Concrete

SAFETY NOTICE
Fresh, Unhardened concrete is very alkaline, and can cause severe alkali burns to your skin and eyes. The bleed water is particularly alkali, and you need to change any clothes that get soaked with this water quickly. Wash exposed skin with soap and water.

CONCRETE 101
Concrete is a mixture of about 75% aggregate (60% coarse #57s and 40% sand), 15% Cement, and the remainder is water, air and admixtures.

Fresh concrete has three important properties; slump, air content, and temperature.

Slump is the thickness, or flow characteristic of the concrete. Most concrete has a 4 to 6 inch slump. Very low slumps are difficult to place and work, they don’t even want to flow down the chute. High slumps may cause problems with forms bursting, aggregate segregation, or finishing.

Air content is the amount of air entrained in the concrete as a protection against damage from freezing and thawing. Concrete used indoors not subject to freeze and thaw usually has no air entrainment, which improves finishing and allows a hard trowled surface like inside Lowes to be created. Concrete used outdoors needs to have between 4% and 8% entrained air.

Finally, temperature is important because hot concrete, over 90 degrees, sets up quickly, and cold concrete, under 50 degrees, sets up slowly. Concrete must not freeze before it reaches 500 psi strength, which is usually in 24 hours.

Hardened concrete has one major important property, compressive strength which is measured in pounds per square inch, psi. This is how you order concrete, by the strength you want it to attain under laboratory conditions in 28 days. Most mixes are 3000, 3500 or 4000 psi. Some special mixes can go to 10,000 psi, and mixes for footers are fine at 2000 psi.

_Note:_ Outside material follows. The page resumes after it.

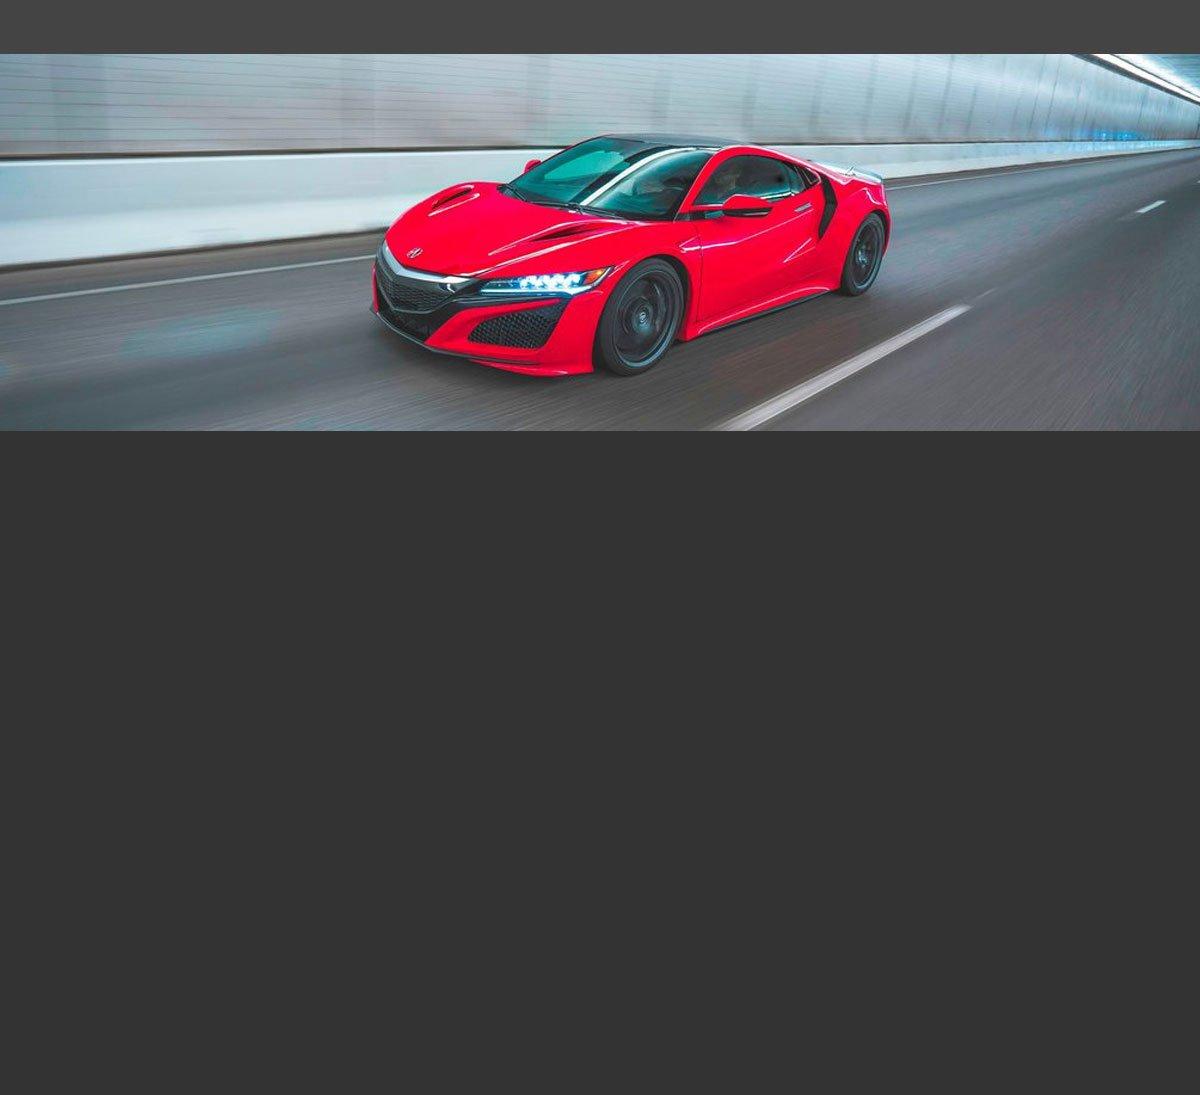 Audi Dealer Bay Area: Fremont CA Dealer

Concrete hardens by a chemical hydration process, not by drying out. It hardens best completely submerged in water! Therefore, adding water to concrete that is hours along in the hydration process does nothing to restore the plastic, workable properties of the mix. Adding water just dilutes and weakens the concrete, and will provide the temporary illusion that the concrete is once again fresh and workable. Every gallon of water added to the mix significantly weakens the concrete.

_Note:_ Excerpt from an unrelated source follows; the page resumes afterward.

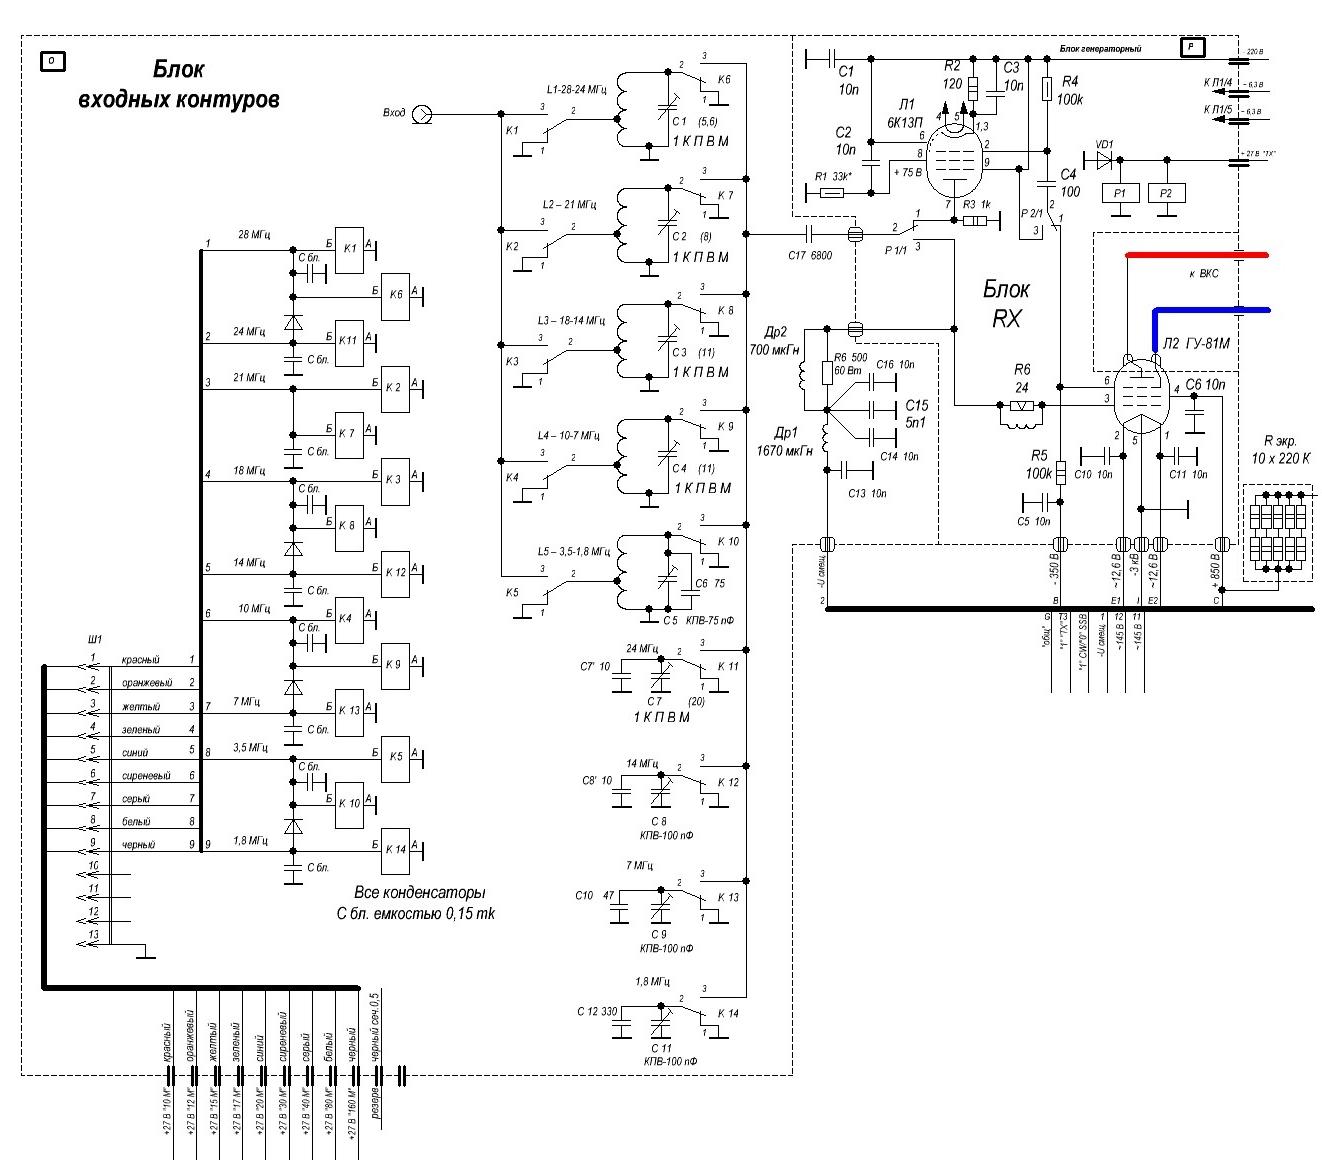 Нажмите на изображение для увеличения.  Название:Фрагмент схемы.JPG Просмотров:135 Размер:381.5 Кб ID:220000

There are many chemicals that can be added to concrete to modify the properties of the mix.

Retarders will delay the set and provide additional time to deliver the concrete and work it into place. These admixtures retard the hydration process, and are most effective when added at the plant. A new generation of retarders can actually put concrete to sleep almost indefinitely.

Accelerators are just the opposite, and speed up the hydration process. They are often used in cold weather, which tends to slow down the process by itself. These admixtures can provide high early strengths, allowing rapid form removal, and are usually added on site. Non chloride accelerators are needed when you have reinforcing steel in the concrete to prevent corrosion, and are more expensive.

We use water reducing admixtures at the plant to reduce the amount of water needed to create a workable mix, and therefore increase strength.

You may choose to have us add super-plasticizers on site, which increases the slump of the concrete so that it flows around steel in forms better.

Fibers are added to control cracking in concrete. All concrete cracks. Reinforced concrete has to crack to work! There are two kinds of crack control, fibers, which are mixed in the concrete, and wire mesh which is place in the top one third of the slab. Both work, but it is difficult to get the wire mesh in the right place and often it ends up on the bottom of the slab where it does absolutely no good.

Reinforcing bar, rebar, is different than wire mesh, and is not intended to control cracking. It is designed to carry tensile load, and works in compliment to the compressive load carrying capability of the concrete.

Estimating concrete is much more scientific than aggregate, largely because we use forms, carefully prepared surfaces, and have lots of data regarding unit weights. Since concrete is also much more expensive, and perishable, we want a really good estimate. Ideally, you will have a wheelbarrow left when you are done.

First, calculate the volume of the work. Some concrete work can be complicated, and we are happy to help. Be careful with measurements, take them at more than one place and average them as necessary. The surface you are pouring on is important. Excavations tend to be deeper in the middle than at the edges where the forms are; this can be remedied with some fill prior to pouring. If you are pouring on #57s, which is very common, add 1/2” to the depth to allow for the irregularity of the aggregate. Larger aggregate requires a bigger adjustment.

When you have your volume in cubic feet, just divide by 27 to obtain cubic yards, and that’s all. It is nice to know that concrete weighs 150 pcf, or about 2 tons per cubic yard.